The Earth peeled down to its lithosphere and sliced open to look at its interior, which will be compared to other planets.
Our 6th-8th grade shows experiments are centered on the “spheres” that make up planets--atmosphere, lithosphere, biosphere, hydrosphere, etc. We start the show by introducing these on the Earth and then peeling them away to see how the Earth changes as each is removed. From there we journey the solar system to see how different combinations of these shape the other planets, including the global cyrosphere/hydrospheres of many of the ice moons, or the methanosphere of Titan, replacing many of the cycles of Earth. To introduce an engineering thread into the show, we visit each destination through the eyes of a current spacecraft being used to explore that world, giving the students a taste of the recency of the science they are learning. The show concludes with an exoplanet trip, opening students’ eyes to the vast variety of our universe. Usually audiences travel to exoplanet 55 Cancri e, where we present visualizations from Spitzer of their observations in combination with Hubble that present it as a planet where enormous temperatures make the lithosphere dominant, where magma seas flow on the surface and vaporized rock fills the atmosphere.
The visit to 55 Cancri e, which concludes many 6th-8th grade shows.
Although my tenure in the industry isn’t as long as many, having given thousands of school shows I left that first showing of our new programs in awe. I hadn’t ever seen a show quite like it, with an elementary audience respond quite like that.
Exploring the planets through the eyes of robotic visitors.
The all live nature of these shows has another benefit: multilingual presentations. Responding to the needs of the diverse communities of San Francisco has also allowed us to translate our scripts into Spanish or Mandarin and have a translator present the programs, further extending our reach and the accessibility of the content.
Pluto is used as an extreme combination of experiments in axial tilt and rotation as students watch its orbit around a common barycenter with Charon.
Has it been effective? The Academy rigorously evaluates its programs, and the response on evaluations for our 3rd-5th grade show have been overwhelmingly positive that the show is an improvement in quality, clarity and engagement for students. We’re looking forward to evaluating our 6th-8th grade show this year.
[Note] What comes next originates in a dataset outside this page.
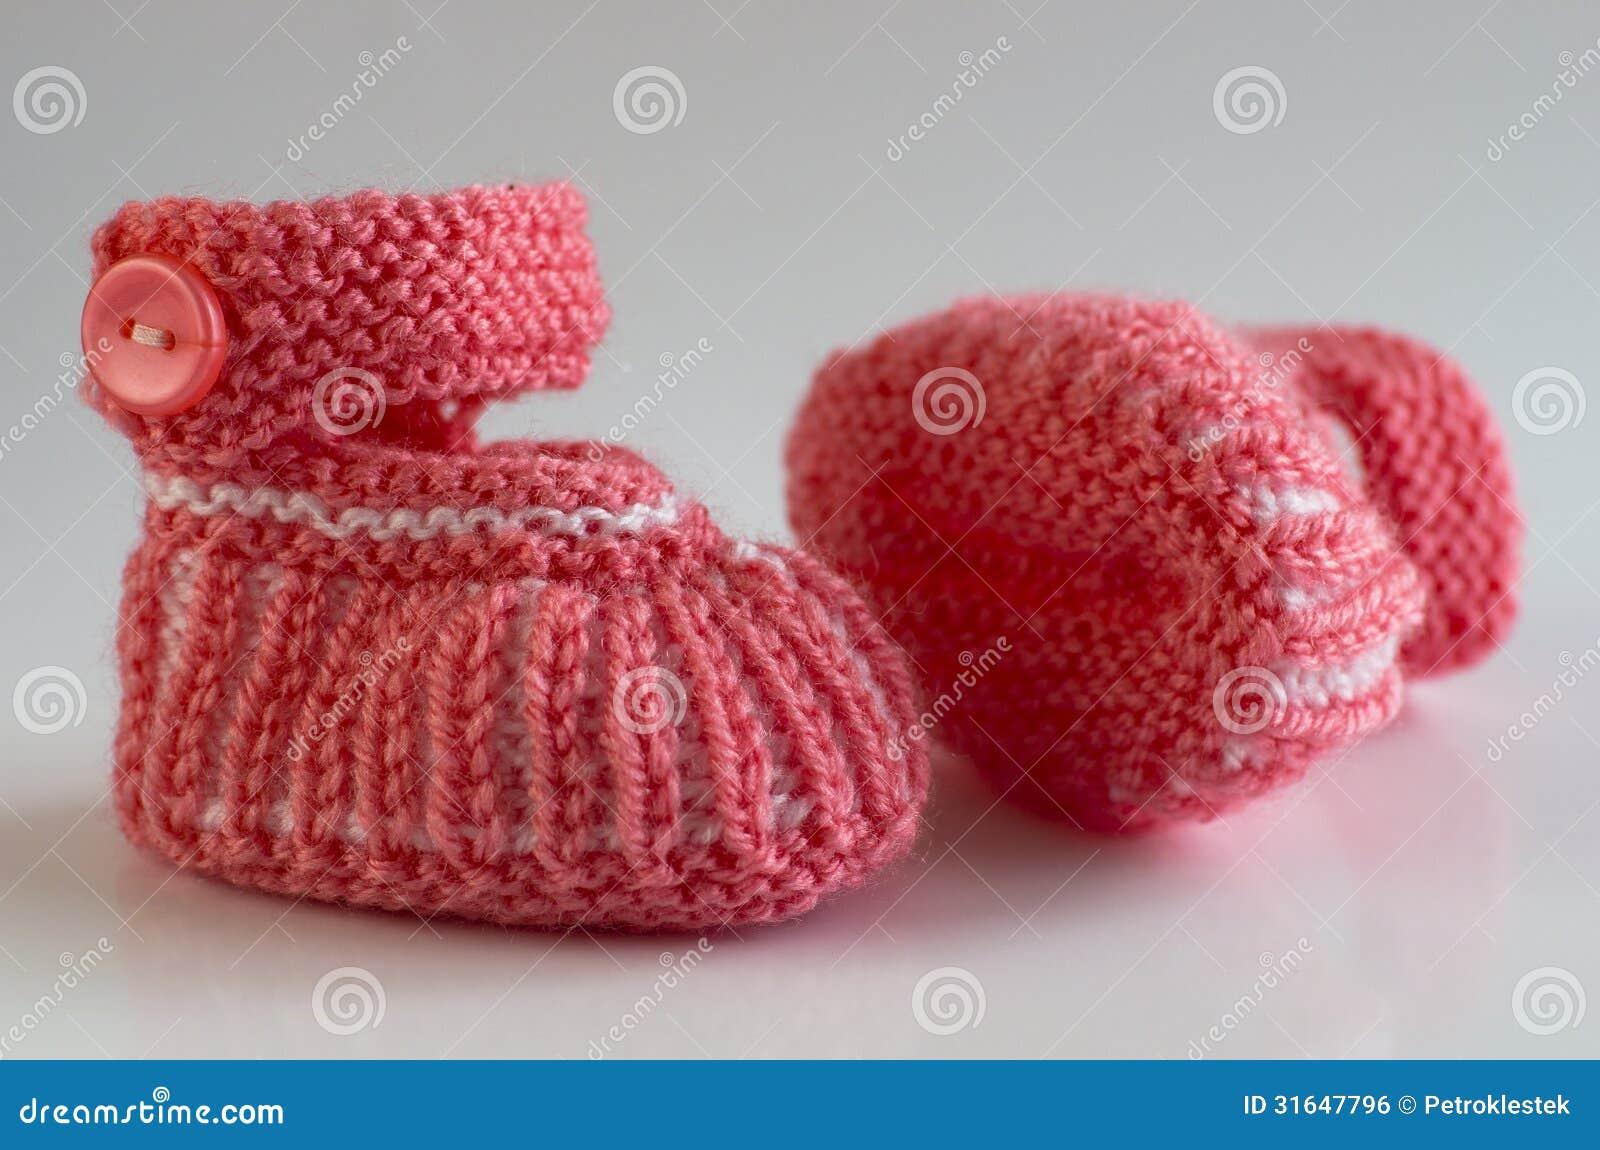 Handmade Baby Mufflers Stock Photo Image Of Pair Handmade 31647796

This change to the content of our show illustrates what I think has always been the central to the revolution in digital planetariums: we should be freeing ourselves to seamlessly explore the universe. We’re not constrained by the planets where they are and how they are now, but we can manipulate everything in time, space, and substance to understand the many factors that contribute to the uniqueness of each world. Hopefully exposing students to real data and giving them a chance to be part of an experiment using one of the coolest visualization environments that exist will be just as inspirational experience as many of us had on our early planetarium visits, inspiring them to be part of the next generation of science and technology.
Kepler 16b, orbit around its parent stars.